I have a dataset of the following form:
client_id | date | client_attr_1 | client_attr_2 | client_attr3 | money_spend 1 | 2020-01-01 | 123 | 321 | 188 | 150.24 1 | 2020-01-02 | 123 | 321 | 188 | 18.25 1 | 2020-01-03 | 123 | 321 | 188 | 12.34 2 | 2020-01-02 | 233 | 421 | 181 | 10.10 2 | 2020-01-03 | 233 | 421 | 181 | 20.00 2 | 2020-01-04 | 233 | 421 | 181 | 11.12 2 | 2020-01-01 | 233 | 421 | 181 | 18.36 3 | 2020-02-01 | 723 | 301 | 255 | 1.14 3 | 2020-02-01 | 723 | 301 | 255 | 1.19
My goal is to predict money spend for new clients, day by day.
The goal of the validation procedure is to get a model performance that is not biased by group/time leakage.
I can imagine that an ideal validation scheme that would reflect the actual prediction time situation for that problem would take the following into account:
- Groups – clients, ensure client’s observations are not in train and validation sets at the same time.

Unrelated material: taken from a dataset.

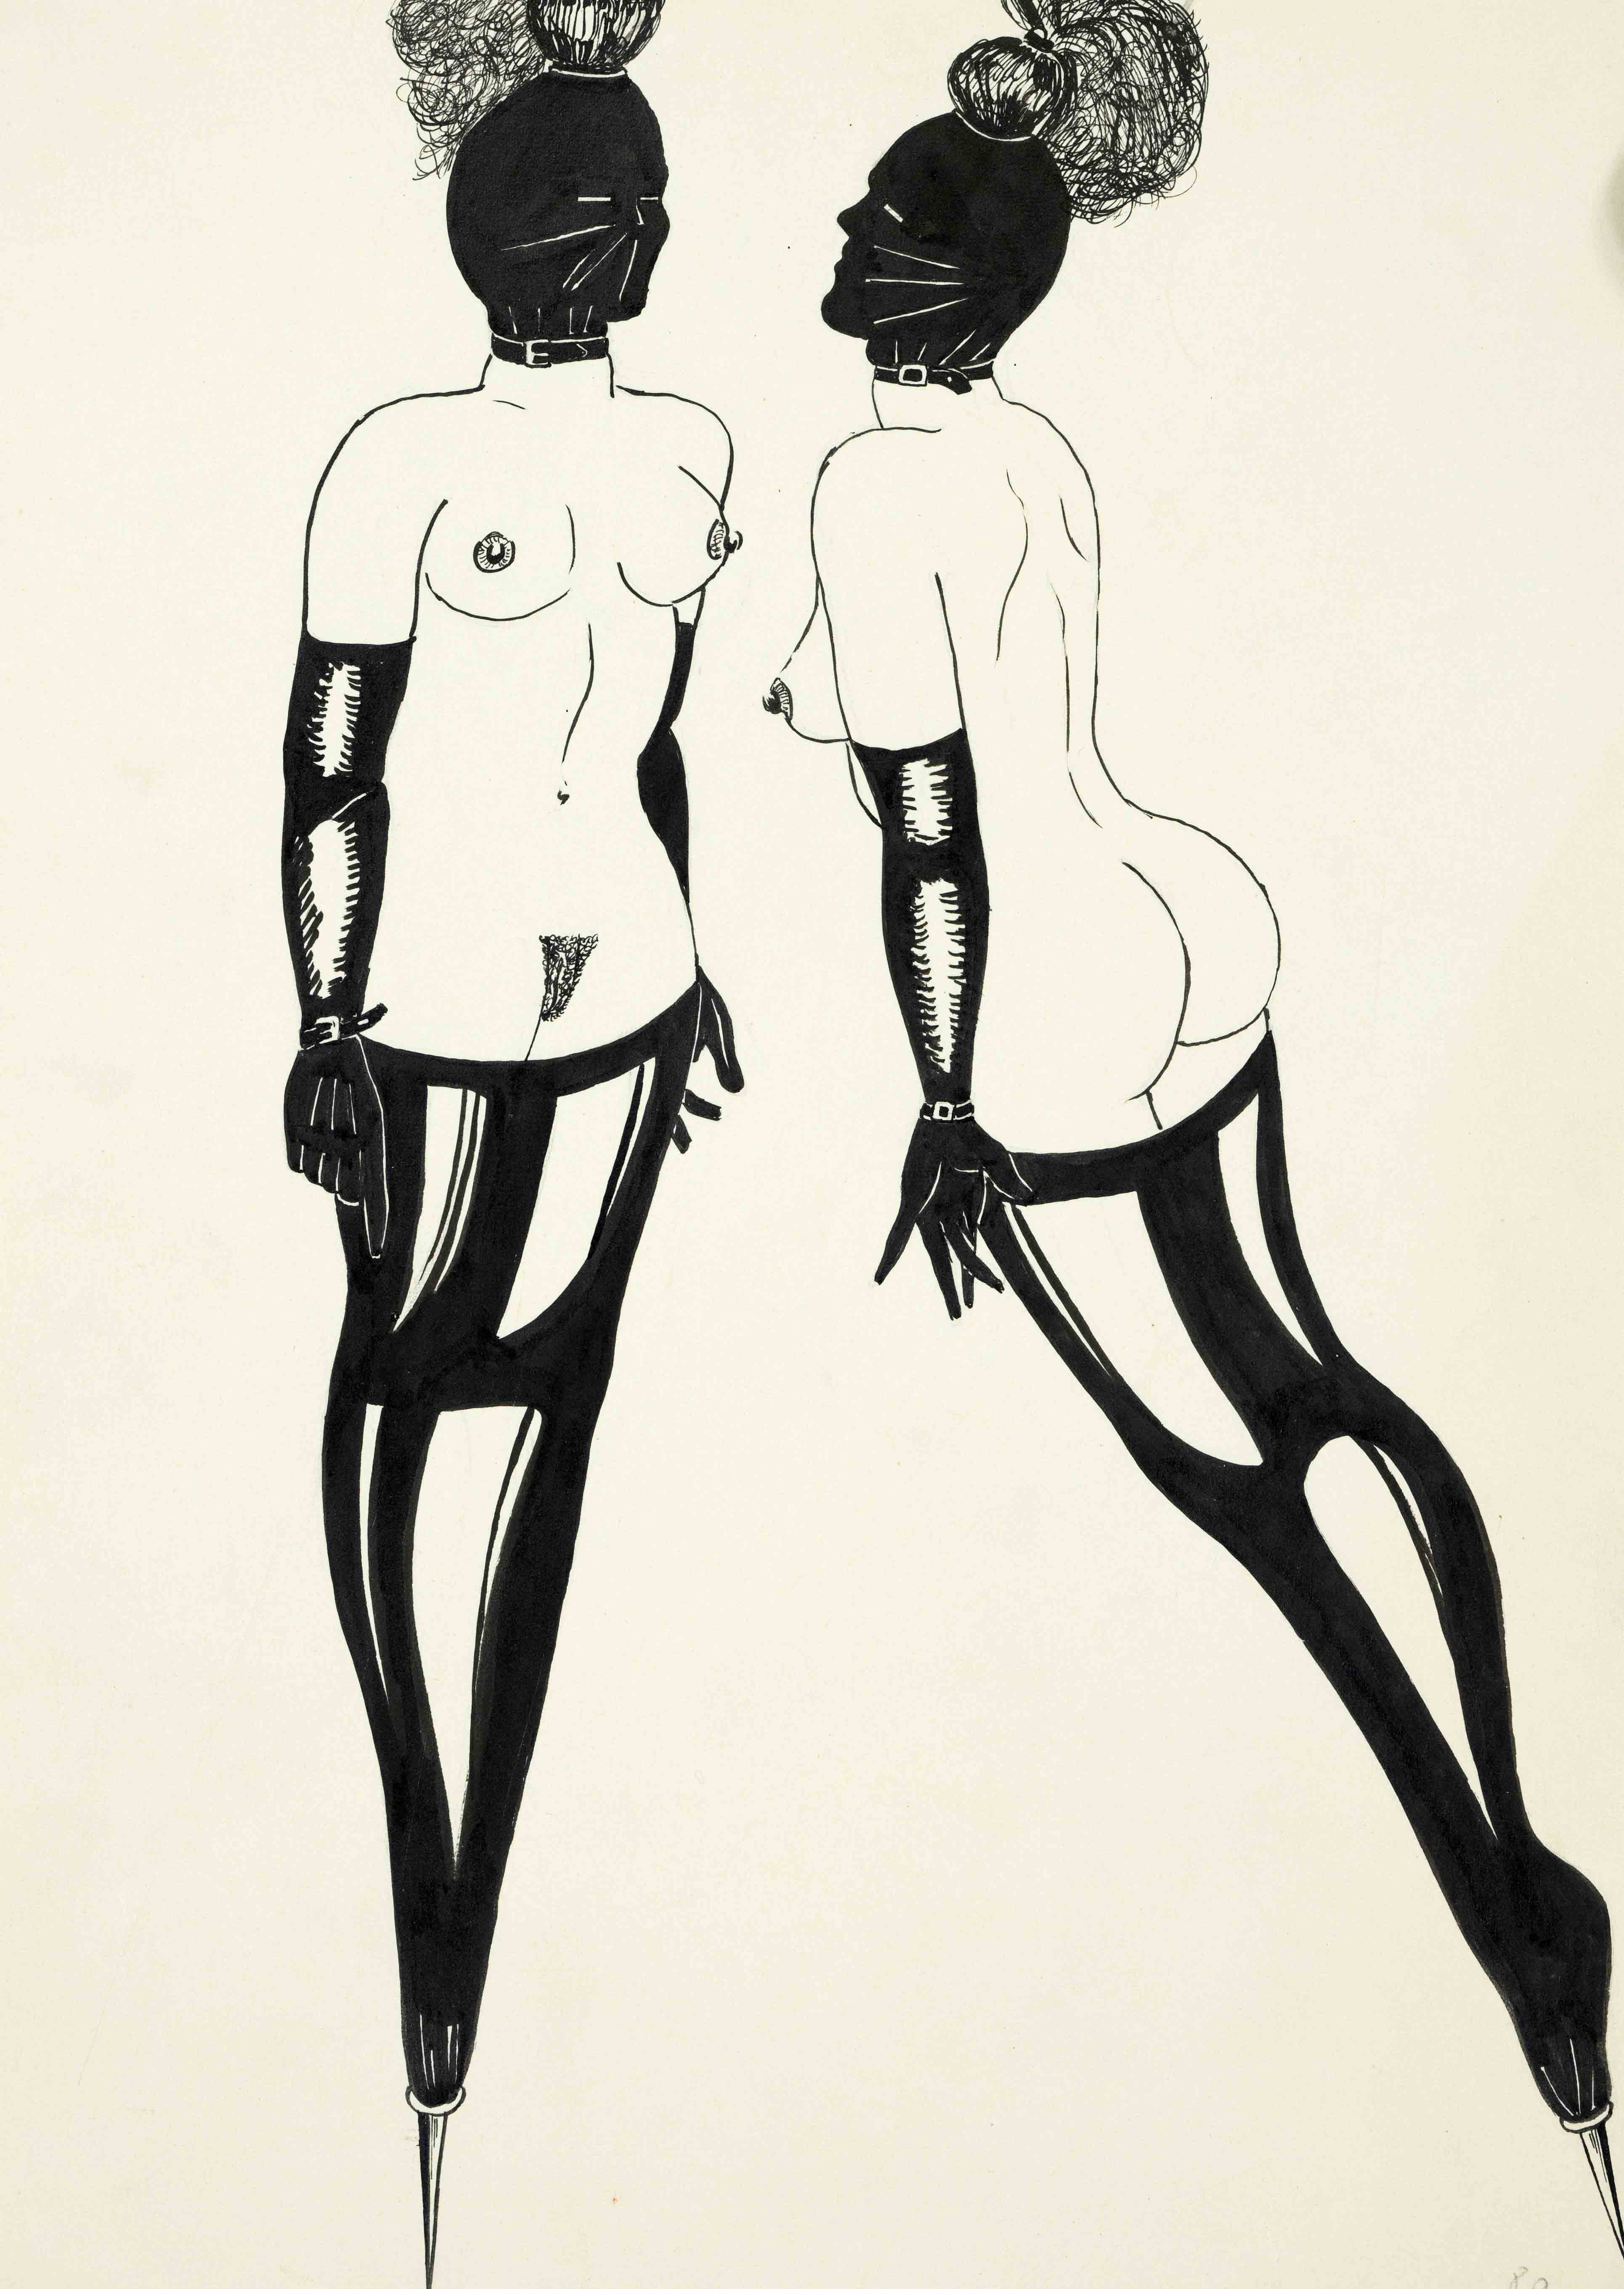 Erotica -- anonymous artist c. 1970, three explicitly erotic drawings with dominatrix and SM motifs,
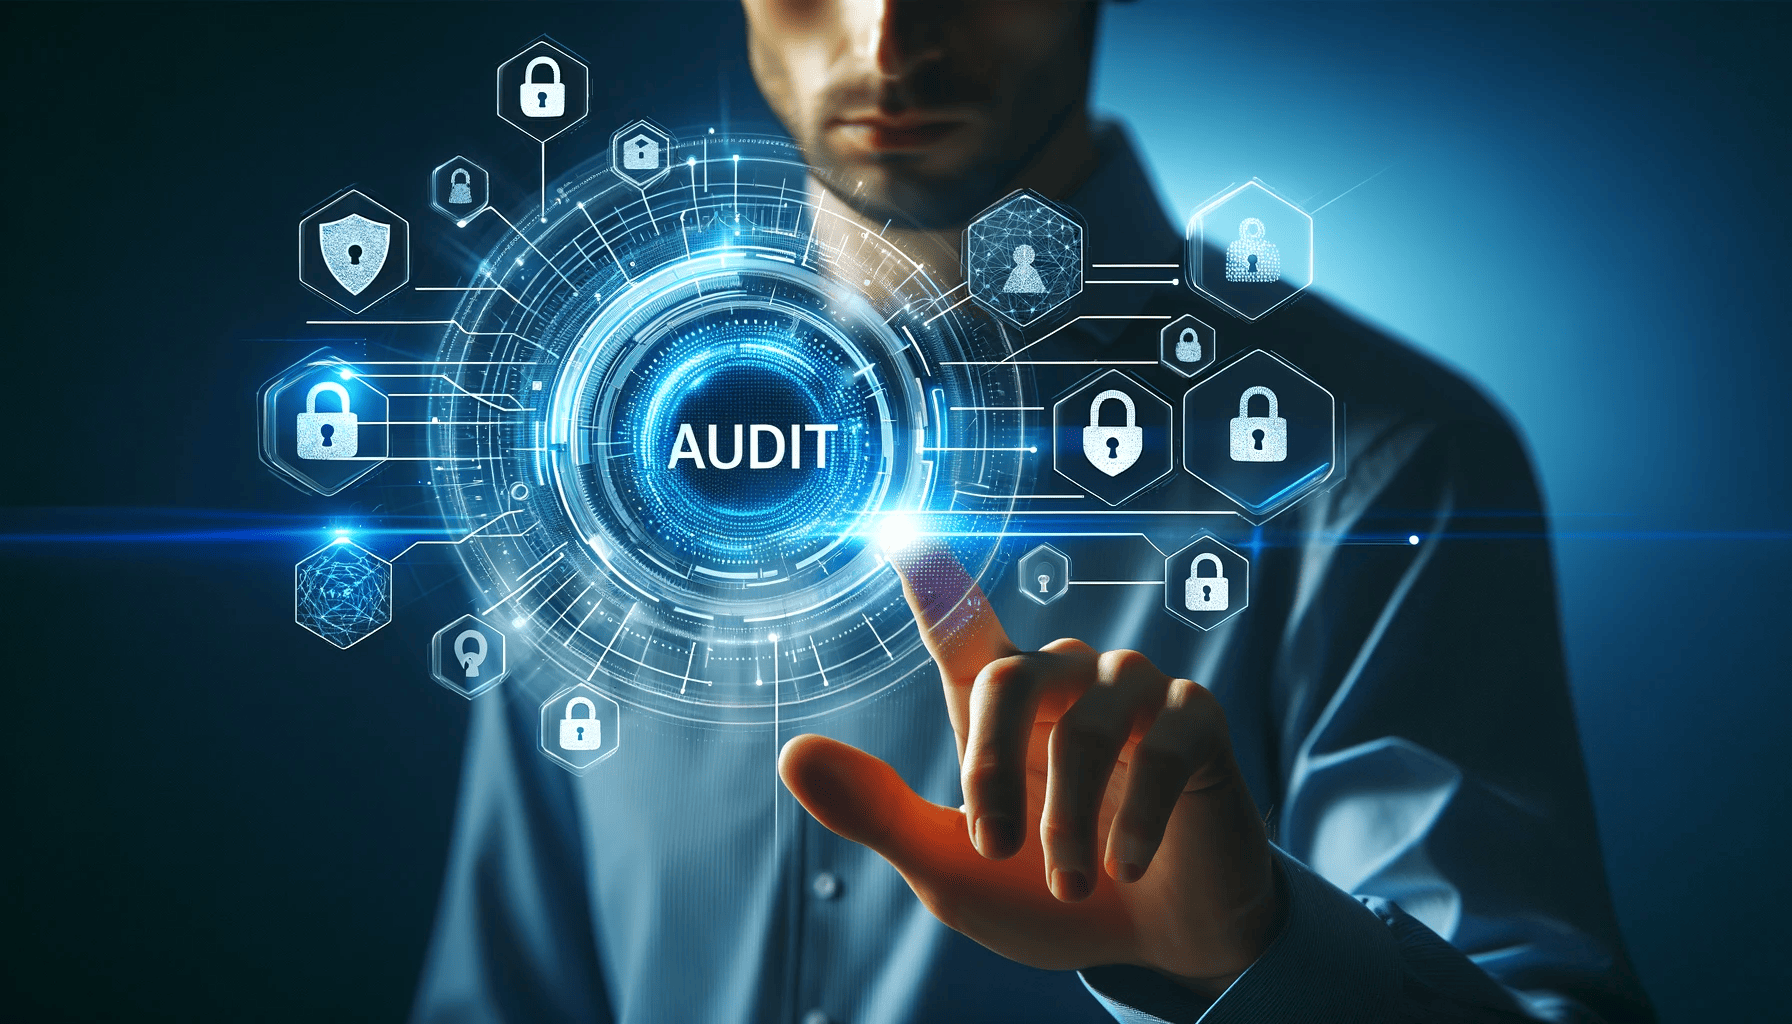 Simplifying Security with Netumo’s User-Friendly Security Audit

- Time – make sure that the model is not training on future clients and predicting on clients from the past to avoid look-ahead bias.
I find it a bit inconvenient as it requires implementing custom validation procedure that could cause some additional problems (e.g. highly different train/test sizes with repeated validation). Therefore, I’d like to drop the second assumption. For that to be a reasonable thing to do, I believe that what I need to check is whether the actual time series (spend given date) are somehow dependent (correlated) on the same dates for different clients (I assume it will not be the case).
Now the questions are:
- Is it the right thing to check?
- Is comparing time series of different clients on the same dates enough?
- Is there a better/proper way to asses such dependency?
- Perhaps I need not to validate that or anything else for the reasons I’m not seeing?